The Terminal Ascent has many of the design characteristics that have evolved with bullet technology over the past two decades or so. When monolithic bullets became popular some years back, it was discovered they were prone to fouling bores and weren’t always accurate. The solution was to form grooves into the shanks, allowing for some crush when the rifling was engaged. Federal calls these AccuChannel grooves on the Terminal Ascent. Grooves can cause drag, so Federal engineers sloped the rear wall of the grooves to maximize aerodynamics. The result of all of this are bullets with high G1 BCs ranging from .493 on the .270 to .608 on the .300 magnums.
We tested each of our three loads for accuracy at 100 yards and measured muzzle velocities using a LabRadar Doppler chronograph. Not surprisingly, the 6.5 Creedmoor won the accuracy battle, with the .280 Ackley Improved leading the .270 Winchester.
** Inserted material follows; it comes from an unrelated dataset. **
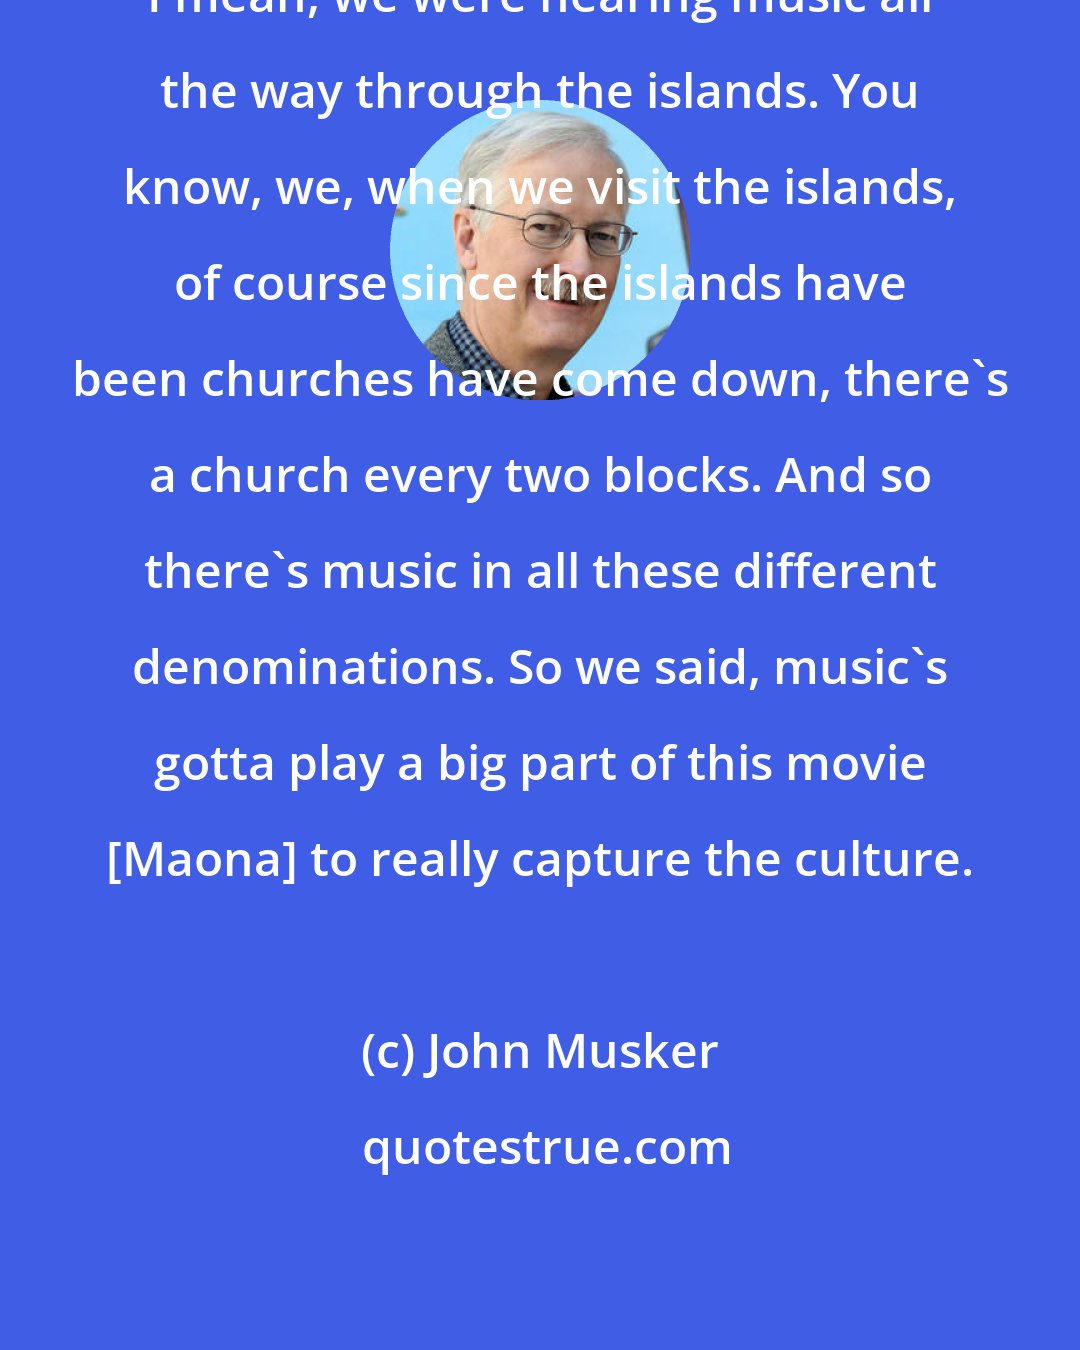 John Musker: I mean, we were hearing music all the way through the islands. You know, we, when we visit the islands, of course since the islands have been churches have come down, there's a church every two blocks. And so there's music in all these different denominations. So we said, music's gotta play a big part of this movie [Maona] to really capture the culture.

I wouldn’t get too wrapped around the axle regarding our accuracy results since every rifle has its own likes and dislikes in ammunition. Unfortunately, we weren’t able to test terminal performance due to the time of year and current travel difficulties.
Hunters across the continent will be out in search of deer, elk, antelope, and other game animals in the coming seasons. For those hunters needing ammunition designed to work across a broad spectrum of distances, Federal’s Terminal Ascent line is worth a close look.